I have NOT a problem but a behaviour I would like to understand.
I have an Excel with 12 sheets, I want them all combined in 1 dataframe, with the sheetname as extra column. I can do it but have 1 strange behaviour I can't explain : the final order of columns of the dataframe is changed into and alphabetical order.
This is my flow :
I read through 10 sheets of an excel.
Every sheet is read in a dataframe,
all sheets have the same shape (73 rows x 50 columns) and the same hierarchical column. (2 levels).
When a sheet is read in, I append it to a dataframe, then I read the next sheet etc..

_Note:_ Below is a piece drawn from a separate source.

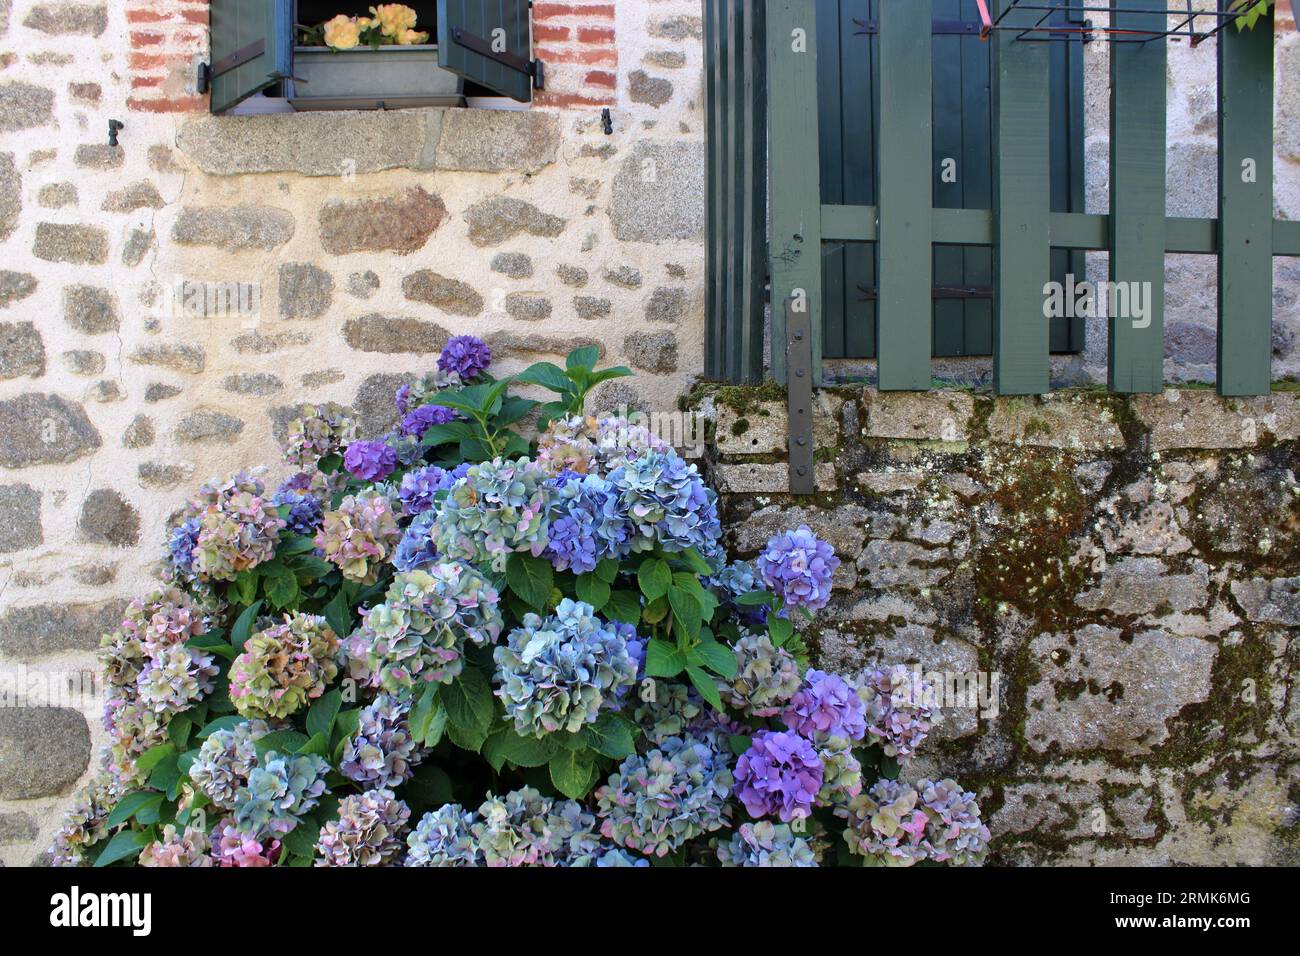 Jolie vue des hortensias fixés contre le mur d'une maison ici située à Masgot une célèbre ville de sculpture située dans la Creuse en France. Banque D'Images

The result is a dataframe of 876rows and 50 columns. That is good. But - as mentioned - with a different column order than the original set.
WORKAROUND : I save the order in a list and reapply it at the final dataframe, but that doesn't explain the behaviour.
If I try to replay this with a sample code (see underneath) but I cannot replay the behaviour, my sample code works as expected and preserves the order. Any idea how I can start to investigate this behaviour?
import pandas as pd
import numpy as np
t0=pd.DataFrame()
t1=pd.DataFrame(np.arange(12).reshape((4,3)),
columns=[['one','two','four'],['five','six','eight']])
t1['Month']='January'
t1.set_index(['Month'], inplace=True)
t2=pd.DataFrame(np.arange(12,24).reshape((4,3)),
columns=[['one','two','four'],['five','six','eight']])
t2['Month']='February'
t2.set_index(['Month'], inplace=True)
t3=pd.concat([t0,t1])
t3=pd.concat([t3,t2])
t3
Do you have an old version of Pandas?
Older defaulted .concat()
's sort
arg to unset (None
), which sorted based upon whether the data was already sorted, while the latest defaults to False
Try explicitly setting sort=False
and/or upgrading Pandas if possible!
sort : boolean, default None
Sort non-concatenation axis if it is not already aligned when join is ‘outer’. The current default of sorting is deprecated and will change to not-sorting in a future version of pandas.
Explicitly pass
sort=True
to silence the warning and sort. Explicitly passsort=False
to silence the warning and not sort.This has no effect when
join='inner'
, which already preserves the order of the non-concatenation axis.New in version 0.23.0.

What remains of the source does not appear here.